Hubo risas y muchos juegos en los pocos minutos que se pudieron observar. Como suele ocurrir en los planteles, el preparador físico fue el encargado de llevar adelante la primera parte de la práctica. Tuchel analizó todo desde la distancia. Y Harry Kane fue el primero de la fila, como si fuese plenamente consciente de que el mensaje de liderazgo también se transmite a través de los pequeños actos. El goleador de Bayern Múnich (marcó 64 goles en 56 partidos durante la temporada) interactuó lo justo y necesario con sus compañeros y se mostró concentrado hasta en los ejercicios más sencillos.

Otra peculiaridad: cuando el responsable de prensa avisó que quedaban tres minutos, los periodistas comenzaron a acomodar sus cosas para retirarse del lugar. Nada de mendigar algunos segundos más o de estirar la estadía hasta lo imposible.

A Thomas lo conozco desde Bayern Múnich y me encanta su personalidad, sus ideas para el equipo y la manera en la que me hizo jugar. Ha trasladado esos métodos a la selección”, elogió el capitán Kane a Tuchel. Y agregó: “Jugar para Inglaterra es lo que más me gusta. Vestir esta camiseta es algo que hago con muchísimo orgullo. Intento marcar el tono para mis compañeros, el equipo, los aficionados y el país. Liderar a otro grupo en otro Mundial es una sensación muy especial. Llegamos con altas expectativas. Estoy muy emocionado. Me siento tan bien como nunca y no puedo esperar a que esto empiece”.

El principal temor de los ingleses es el calor de Estados Unidos. Según reveló la prensa británica, Tuchel les recomendó a sus dirigidos que pasaran las vacaciones previas al Mundial en destinos con un huso horario y un clima similares a los de Norteamérica. La idea era reducir al mínimo el margen de error.

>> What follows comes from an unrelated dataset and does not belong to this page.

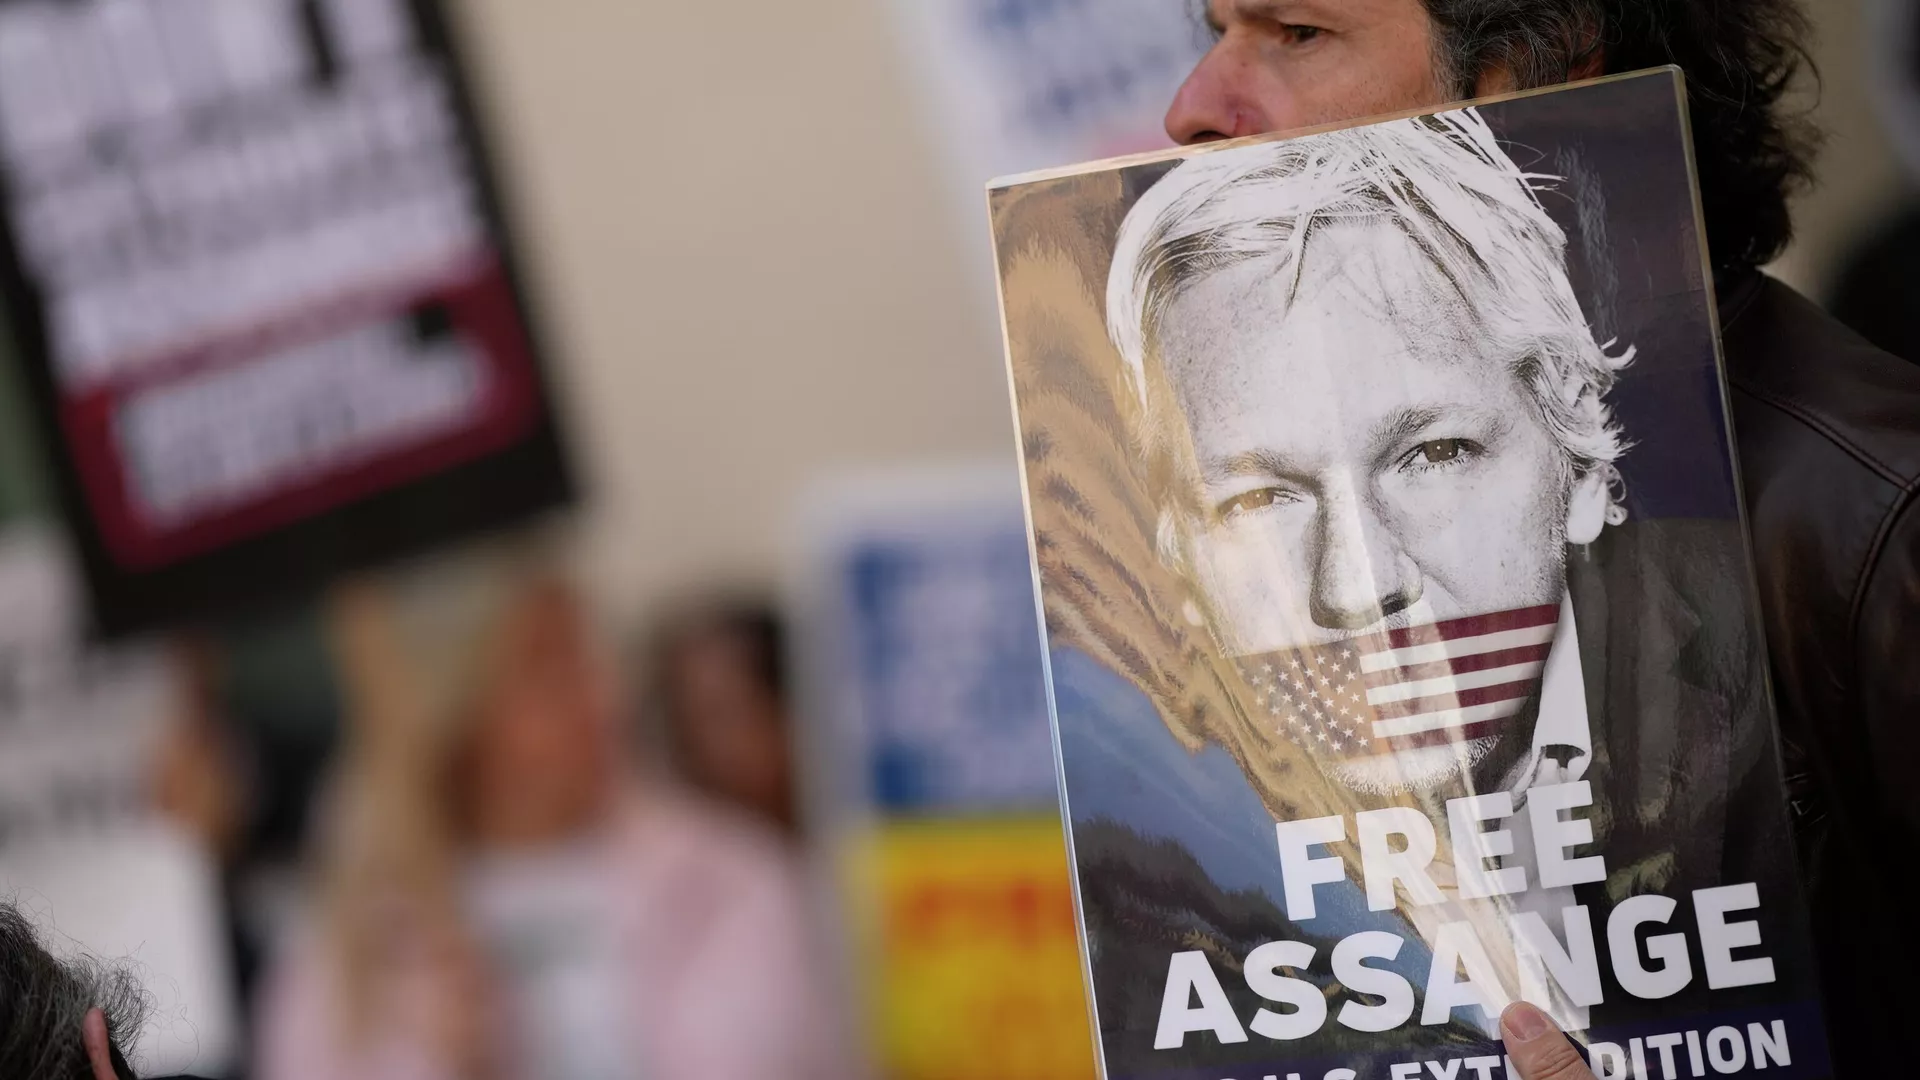 Journalists and Activists Gather in DC, Call for Assange’s Release on 4-Year Anniversary of Arrest

También hubo novedades durante la mañana en Kansas City: el lateral Tino Livramento quedó descartado del Mundial debido a una lesión en la pantorrilla y el defensor de Chelsea Trevoh Chalobah fue convocado como reemplazante. Se incorporará al plantel en las próximas horas.

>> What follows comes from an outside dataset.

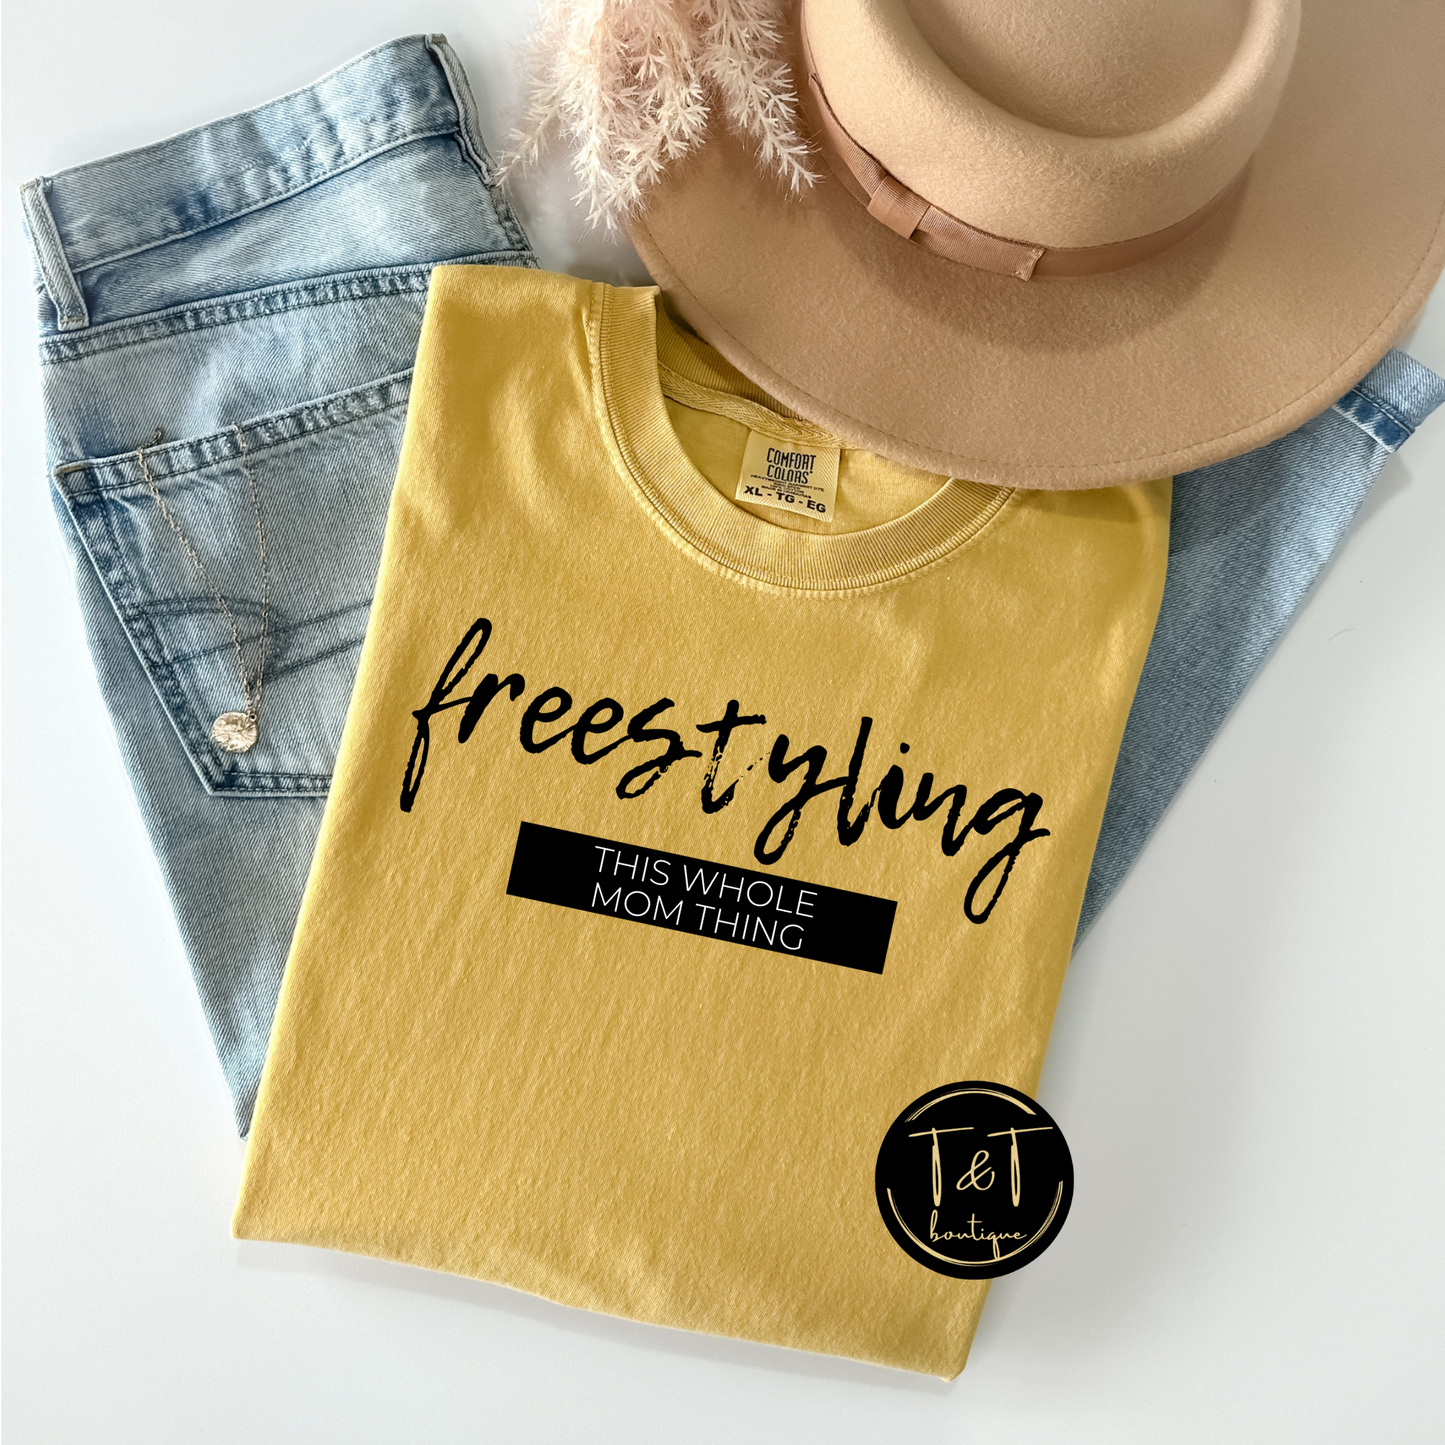 Freestyling this whole mom thing tee

Más cómoda, alejada del ruido, Croacia afrontará su séptima participación mundialista confiada en su capacidad competitiva. Los balcánicos han subido al podio en tres de las siete Copas del Mundo que disputaron, un mérito especial para un país que no llega a los cuatro millones de habitantes y que ha enlazado dos generaciones doradas: la primera capitaneada por Davor Suker y la segunda por Luka Modric.

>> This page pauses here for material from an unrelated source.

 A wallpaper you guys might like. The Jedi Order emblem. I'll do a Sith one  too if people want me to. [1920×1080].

Con 40 años, Modric es un rara avis que ha ofrecido un rendimiento digno en Milan y afronta su último Mundial todavía como referente indiscutido del equipo de Zlatko Dalic. Lo mismo ocurre con el eterno Ivan Perisic (37 años), quien, aunque ya no posee el desborde de otros tiempos, sigue siendo una importante arma ofensiva.

Se presume un duelo apasionante en Dallas, con dos figuras mundiales como Kane y Modric. Para los ingleses, además, el choque ante los croatas funcionará como una suerte de revancha tras la semifinal que perdieron frente a ellos en Rusia 2018.

Inglaterra y Croacia llegarán a Dallas por caminos muy distintos, pero con una misma ambición. Los ingleses cargan con el peso de la candidatura y la obligación de confirmar en la cancha todo lo que prometen sus nombres. Los croatas, en cambio, vuelven a apoyarse en su tradición competitiva y en una generación que se resiste a bajar el telón. El escenario está listo para un estreno de alto voltaje. Por eso AT&T Stadium lucirá repleto.